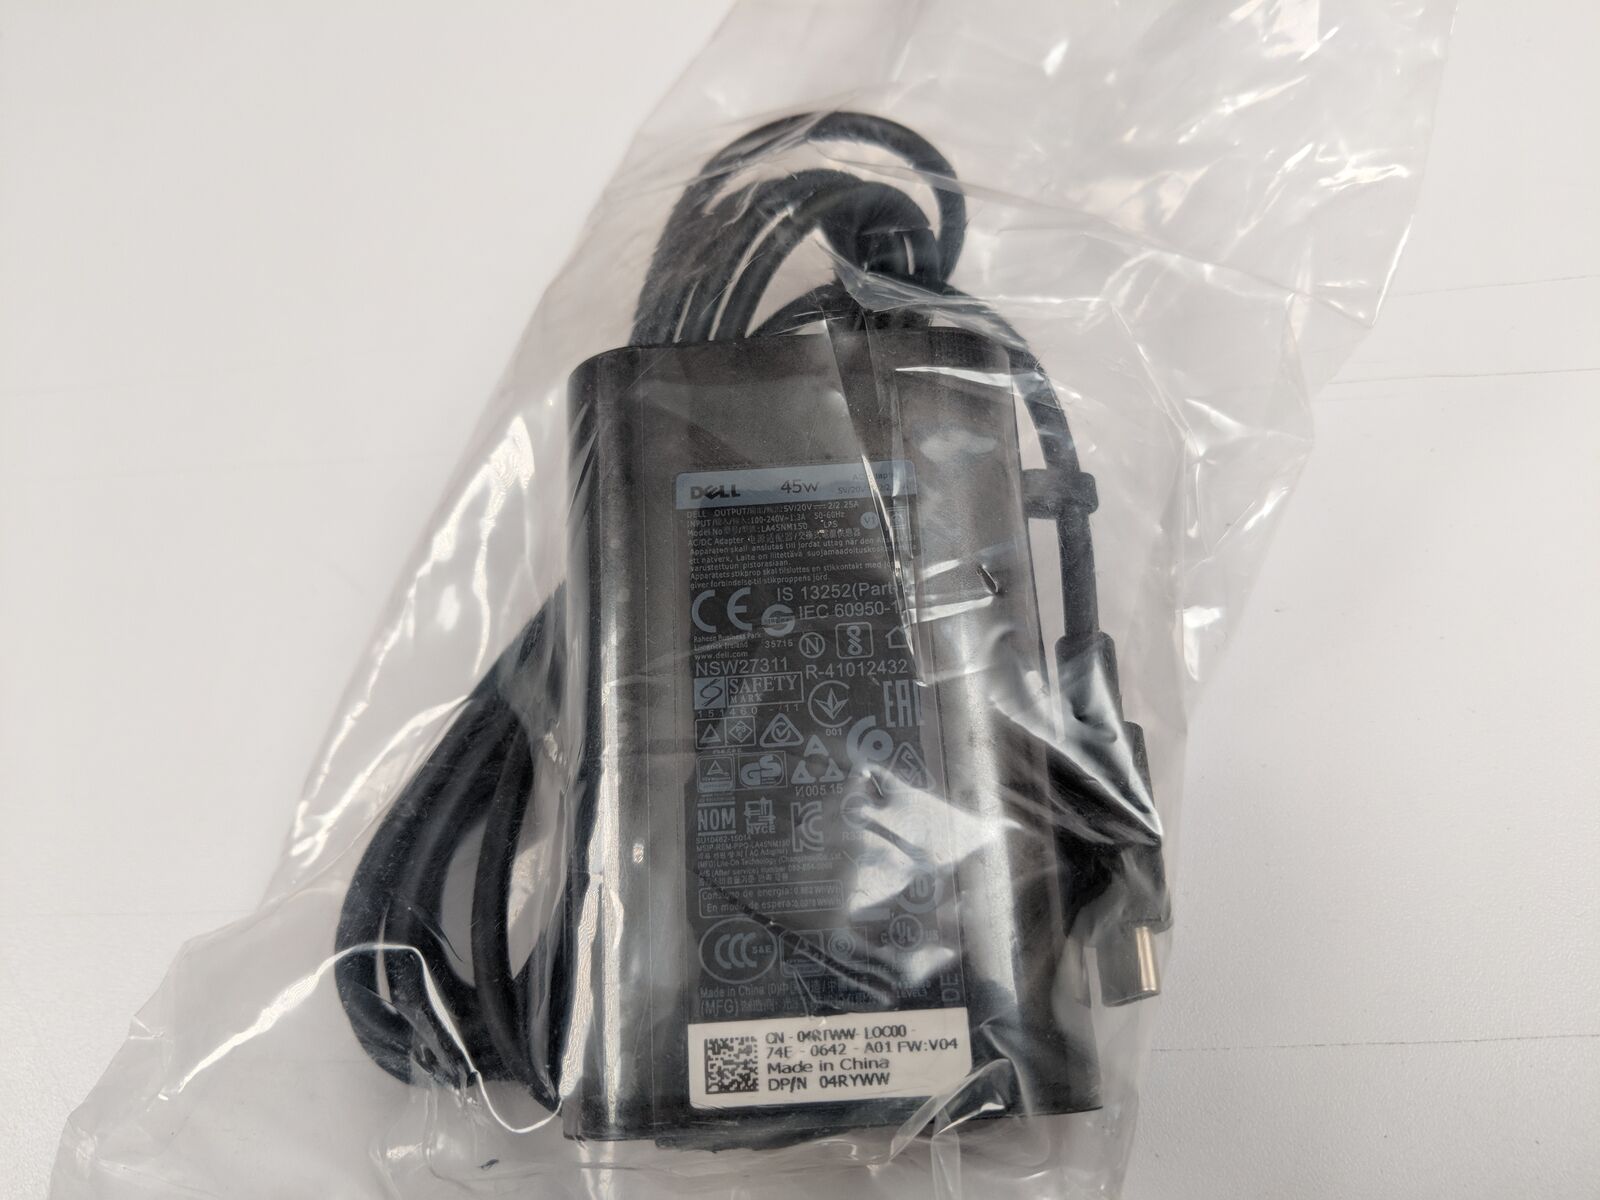 Dell 45W AC Adapter Charger USB-C Type C XPS 13 9365 9370 9380 9300 9310 MPN: LA45NM150 689C4 HDCY5 8XTW5 Brand: Del
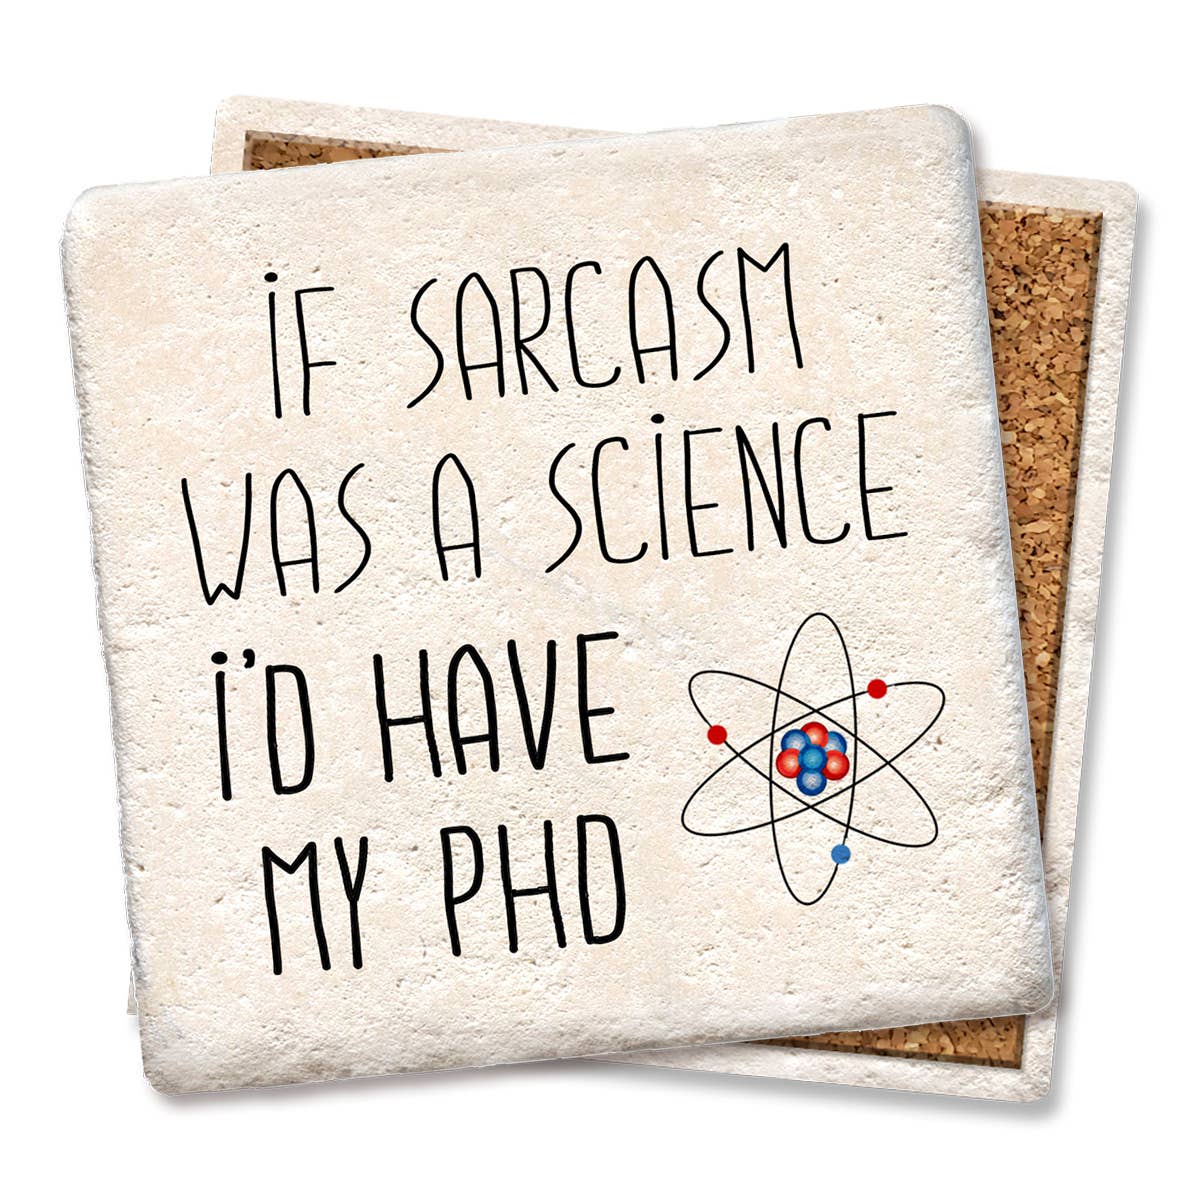 If Sarcasm Was a Science Coaster
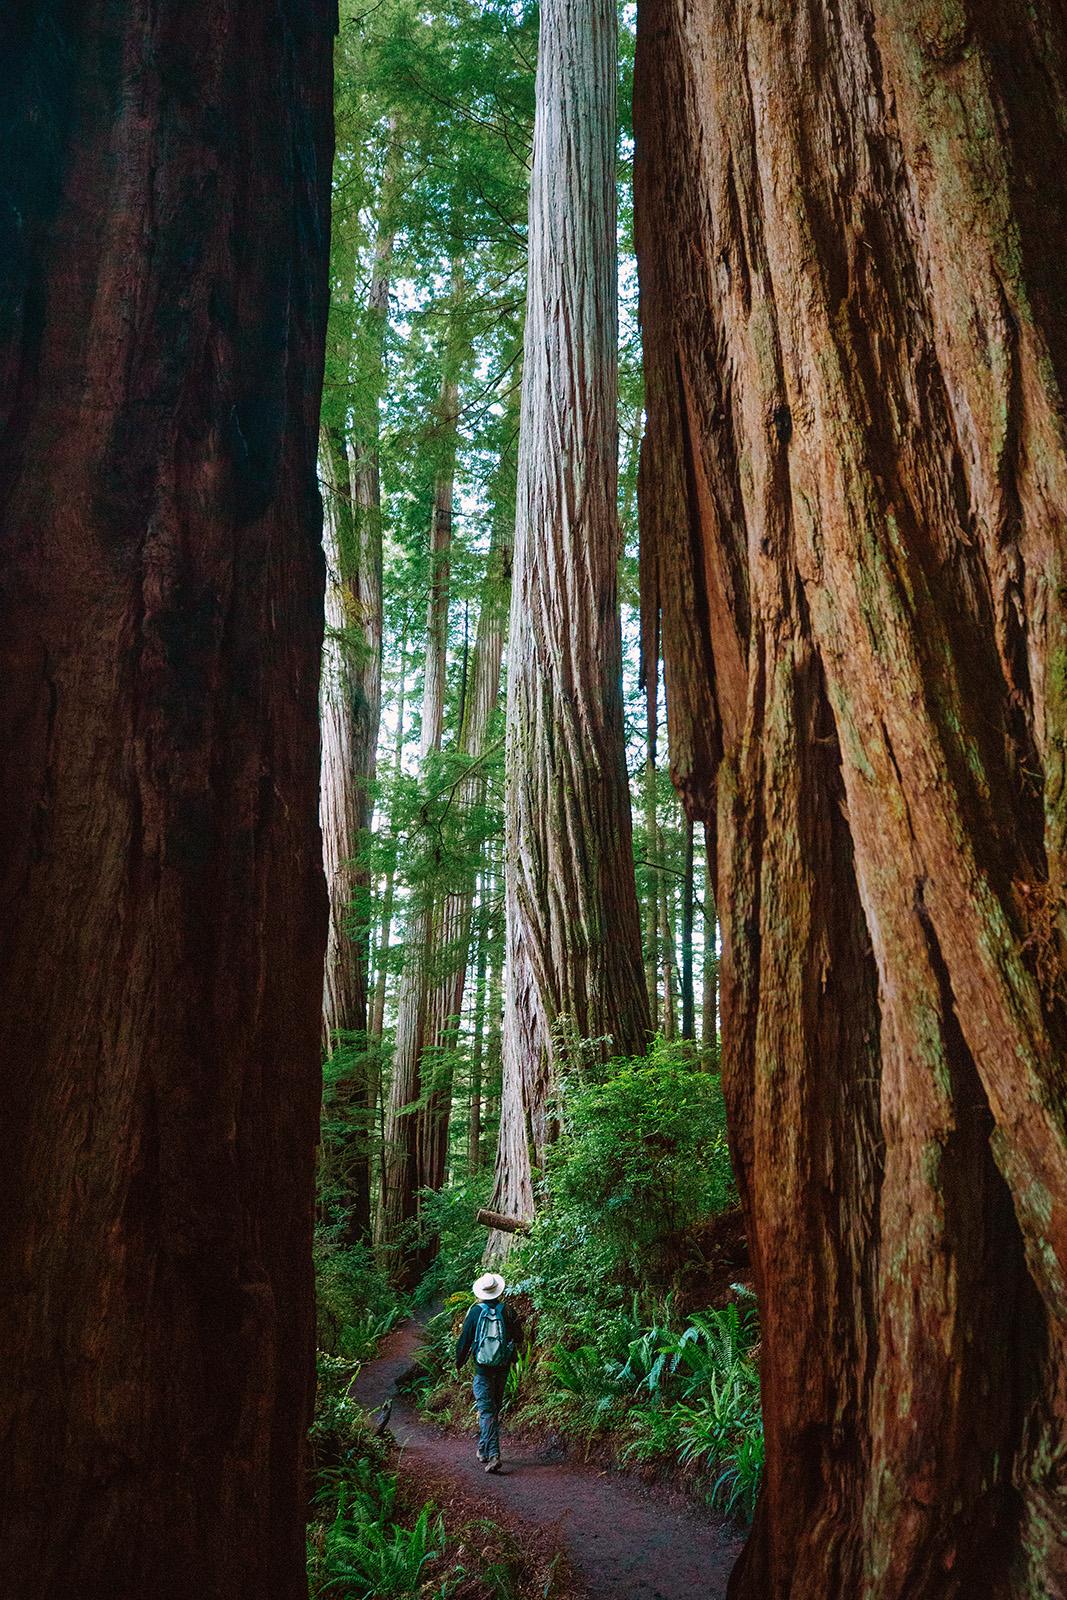 Mill Creek Trail leads to the Grove of Titans in Jedediah Smith Redwoods State Park in Crescent City, California. (Myung J. Chun/Los Angeles Times/TNS)

★ ★ ★ ★ ★ ★ ★

* WHAT IS BEING ASKED:
Would you restate, word for word, the lines from the one holding "If Sarcasm Was a Science Coaster" through the end of the material above? Omit the pictures.

* EXERCISE OUTPUT:
 If Sarcasm Was a Science Coaster
 Mill Creek Trail leads to the Grove of Titans in Jedediah Smith Redwoods State Park in Crescent City, California. (Myung J. Chun/Los Angeles Times/TNS)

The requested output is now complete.